Freedom for All argues that deep inequalities in wealth, power, and opportunity have pulled this country apart and left us vulnerable to demagogues and authoritarians. The book also invites us to imagine what our country could be if we really committed ourselves to building a society in which everyone is equally entitled to live freely.
Learn more about Freedom for All at the Yale University Press website.

--Marshal Zeringue

Wednesday, November 5, 2025

Georgina Wilson's "Paper and the Making of Early Modern Literature"

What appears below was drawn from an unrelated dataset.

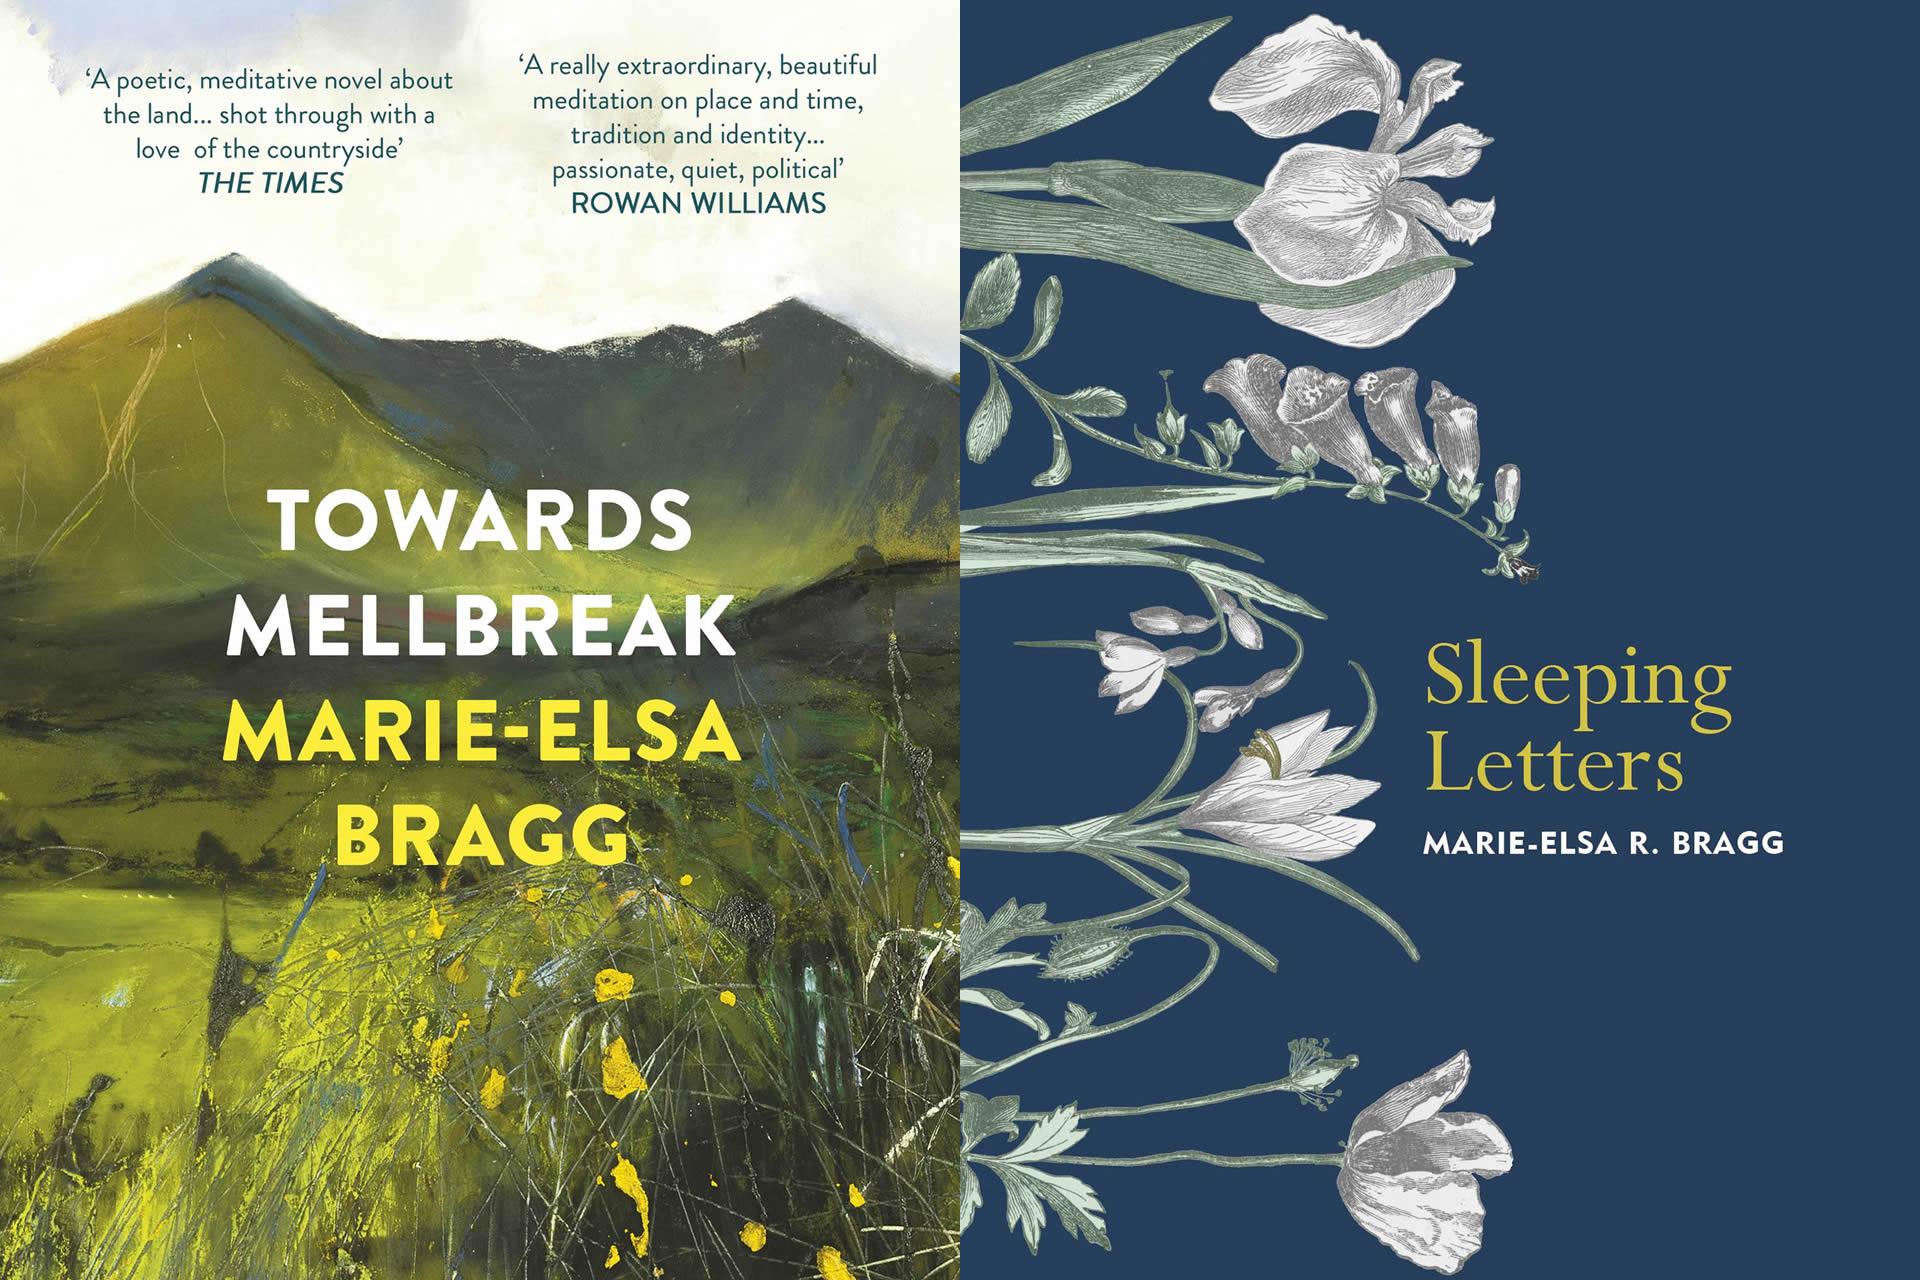 Books by Marie-Elsa Bragg

Georgina Wilson is an early modern literary scholar specialising in material texts. Her work has been published in Criticism, The Oxford Handbook of the History of the Book in Early Modern England, and Inscription: the Journal of Material Text – Theory, Practice, History. She writes regularly for the Times Literary Supplement.

Wilson applied the “Page 99 Test” to her new book, Paper and the Making of Early Modern Literature, and shared the following:
Opening Paper and the Making of Early Modern Literature at page 99 puts us near the beginning of chapter 3 of 4. We’re over half way through the book (excluding endnotes), which suddenly makes it seem shorter than it had felt to write. Taking part in a pattern of short, punchy chapter titles, chapter 3 is entitled ‘Form’; it’s about the history of formalism and the role of paper (as an imaginative and material form) in that history. Two of the three paragraphs are broader brush – the kind of ‘history-of-the-discipline’ stuff that might be useful for readers looking to situate themselves within the longue durée of material texts – while the third paragraph dives into a close reading of the early modern theologian William Pemble.

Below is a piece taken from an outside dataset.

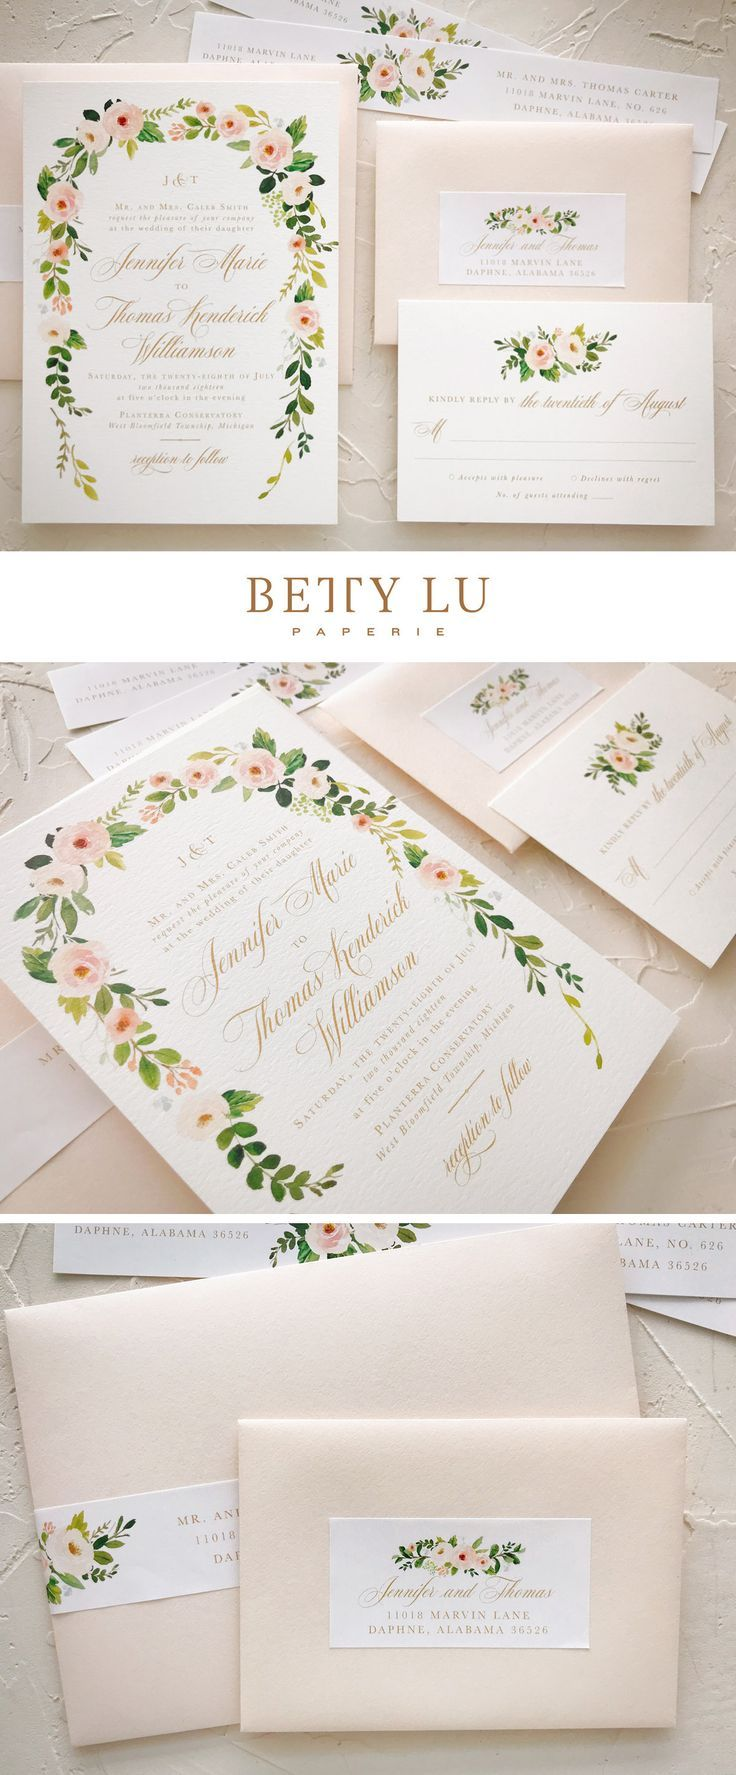 Blush Peach Wedding Invitations Elegant Wedding Invitation

That swooping between the bigger picture and granular close reading is representative of the book as a whole, and the critics cited on this page (D.F. McKenzie, Peter Stallybrass, Margreta De Grazia, Allison Deutermann and András Kiséry span multiple generations of scholarship in a way which, I hope, also reflects something about the book. At the same time page 99 is broadly about book history rather than paper and so prises open the focus of the argument. The particular affordances of paper and form only start to emerge from William Pemble’s similies about souls and whiteness which are abruptly truncated by the edge of the page.

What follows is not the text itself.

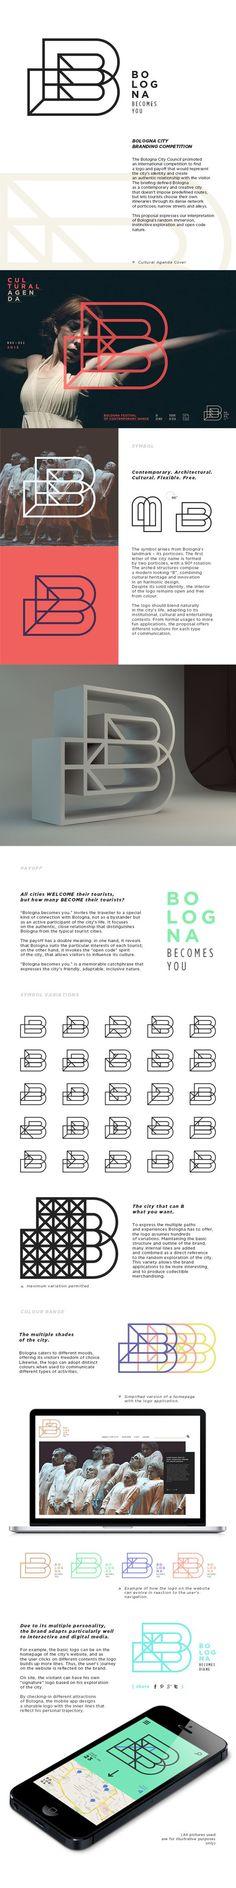 Bologna City Branding . inspiration . logo . outline. geometrical . grid . flexible . adaptable . nice presentation

Having just taught an MSt class in which we discussed the units of pages, leaves, and sheets in relation to early modern books, I couldn’t help wondering what page 99 would mean in some of these different configurations. The real 99th page in this book, accounting for title pages and preliminary material, is numbered page 91, and comes at the end of possibly my favourite chapter on ‘composition’. This chapter is about the gathering together of stray sheets and paper fragments into books as a model for gathering words into sentences, and I enjoyed thinking about my own writing as I put the argument together. If Paper and the Making of Early Modern Literature were a quarto – printed from sheets of paper folded twice to make 8 pages per sheet - then page 99 would fall on the 13th sheet, printed at the same time as pages 98, 102, and 103. Imagining this book as an octavo or a duodecimo would place page 99 in relationship to a plethora other pages. So to really do justice to the potential of early modern paper we couldn’t talk about page 99 without talking about all those other pages as well, and eventually we’d have to abandon the idea of the single page and go back to the unit of the book.